I'm confused as to why a path that is blocked is able to get into the index?? I'm thinking of lifting the Robots block so that Google can see that these pages also have a Meta NOINDEX,FOLLOW tag on - but surely that will waste my crawl budget on unnecessary pages?
Any ideas?
thanks.
-
Oh, ok. If that's the case, pls don't worry about those in the index. You can get them removed using remove URL feature in webmaster tools account.
-
It doesn't show any result for the "blocked page" when I do that in Google.
-
Hi,
Please try this and let us know the results:
Suppose this is one of the pages in discussion:
http://www.yourdomain.com/blocked-page.html
Go to Google, type the following along with double quotes. Replace with the actual page:
"yourdomain.com/blocked-page.html" -site:yourdomain.com
-
Hi!
From what I could tell, it wasn't that many pages already in the index, so it could be worth trying to lift the block, at least for a short while, to see if it will have an impact.
In addition - how about configuring how GoogleBot should threat your URLs via the URL parameter tool in Google Webmaster Tools. Here's what Google has to say about this. https://support.google.com/webmasters/answer/1235687
Best regards,Anders
-
Hi Devanur.
What I'm guessing is the problem here, is that as of now, GoogleBot is restricted from accessing the pages (because of robots.txt), leading to it never going into the page and updateing its index regarding the "noindex, follow" declaration in the that seems to be in place.
One other thing that could be considered, is to add "rel=nofollow" to all the faceted navigation links on the left.
Fully agreeing with you on the "crawl budget" part
Anders
-
Hi guys,
Appreciate your replies, but as far as I checked last time, if the URL is blocked by a Robots.txt file, it cannot read the Meta Noindex, Follow tag within the page.
There are no external references to these URL's, so Google is finding them within the site itself.
In essence, what you are recommending is that I lift the robots block and let google crawl these pages (which could be infinite as it is faceted navigation).
This will waste my crawl budget.
Any other ideas?
-
Anderss has pointed out to the right article. With robots.txt blocking, Google bot will not do the crawl (link discovery) from within the website but what if references to these blocked pages are found else where on third-party websites? This is the case you have been into. So to fully block Google from doing the link discovery and indexing these blocked pages, you should go in for the page-level meta robots tag to block these pages. Once this is in place, this issue will fade away.
This issue has been addressed many times here on Moz.
Coming to your concern about the crawl budget. There is nothing to worry about this as Google will not crawl those blocked pages while its on your website as these are already been blocked using robots.txt file.
Hope it helps my friend.
Best regards,
Devanur Rafi
-
Hi!
It could be that that pages has already been indexed before you added the directives to robots.txt.
I see that you have added the rel=canonical for the pages and that you now have noindex,follow.
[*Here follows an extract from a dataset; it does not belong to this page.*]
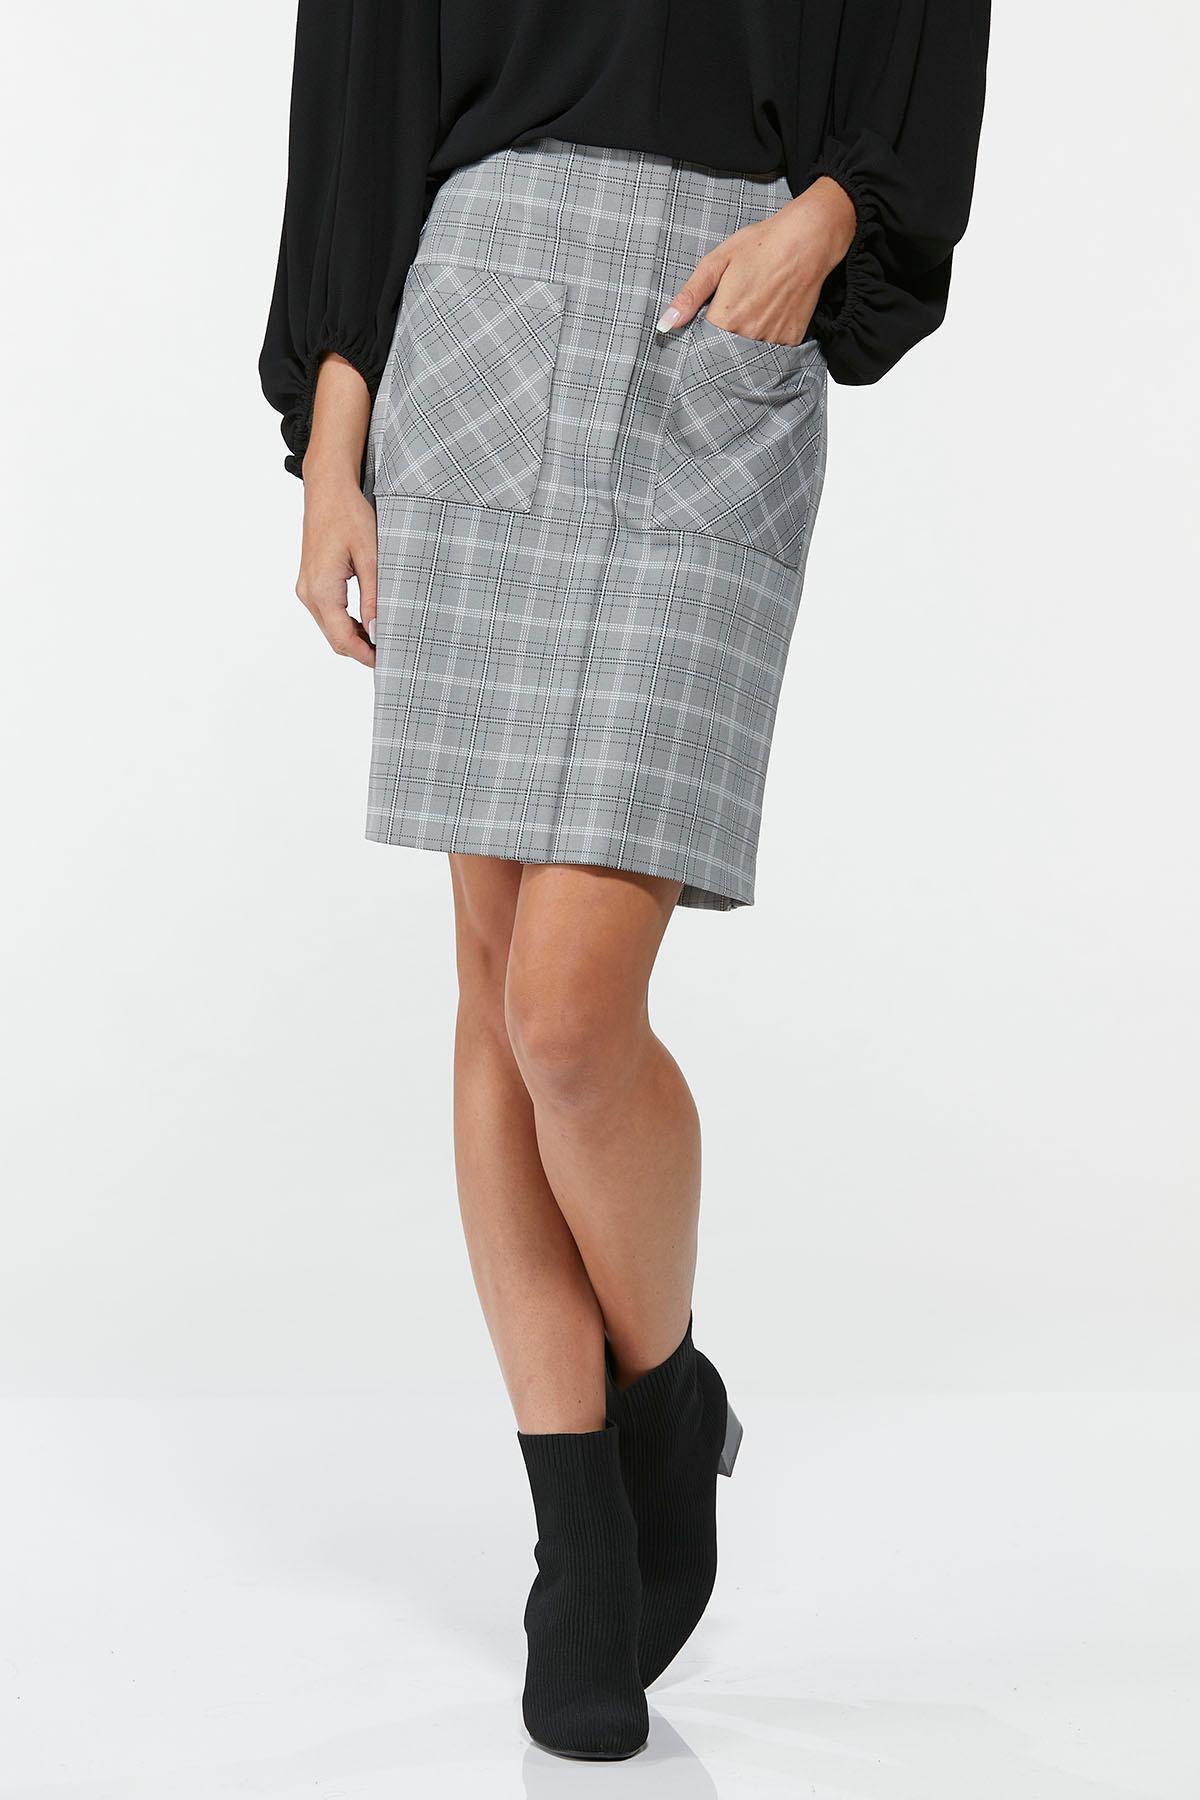 Gray Plaid Mini Skirt

Is that recently added? If so, it could be wise to actually let GoogleBot access and crawl the pages again - and then they'll go away after a while. Then you could add the directive again later. See https://support.google.com/webmasters/answer/93710?hl=en&ref_topic=4598466 for more about this.
Hope this helps!
Anders -
For example:
http://www.sekretza.com/eng/best-sellers-sekretza-products.html?price=1%2C1000Is blocked by using:
Disallow: /*price=.... ?
Got a burning SEO question?
Subscribe to Moz Pro to gain full access to Q&A, answer questions, and ask your own.
Browse Questions
Explore more categories
-
Moz Tools
Chat with the community about the Moz tools.
-
SEO Tactics
Discuss the SEO process with fellow marketers
-
Community
Discuss industry events, jobs, and news!
-
Digital Marketing
Chat about tactics outside of SEO
-
Research & Trends
Dive into research and trends in the search industry.
-
Support
Connect on product support and feature requests.
Related Questions
-
Getting Authority Social Blogs to Index
We have a few authority blogs that I manage to help increase our brand awareness and build power to our website. We have Blogspot, Wordpress, Tumblr & Typepad. Our content get's a summary syndicated to our authority blogs with an attribution link back to the original post. I also manually check them one a month to make sure it looks good and the content syndicated correctly. I even add unique content to these blogs once in awhile. I recently realized that the majority of the pages are not indexing. I added the blogs to our GSC & Bing webmasters and submitted the sitemaps. This was done on December 11th, as of now some pages indexed in Google and Bing says the sitemaps are still pending... Blogspot - 32/100 pages indexed Wordpress - 34/81 pages indexed Tumblr - 4/223 pages indexed Typepad - 3/63 pages indexed Can anyone help me figure out why I can't get Google to index more pages or Bing to process the sitemaps timely?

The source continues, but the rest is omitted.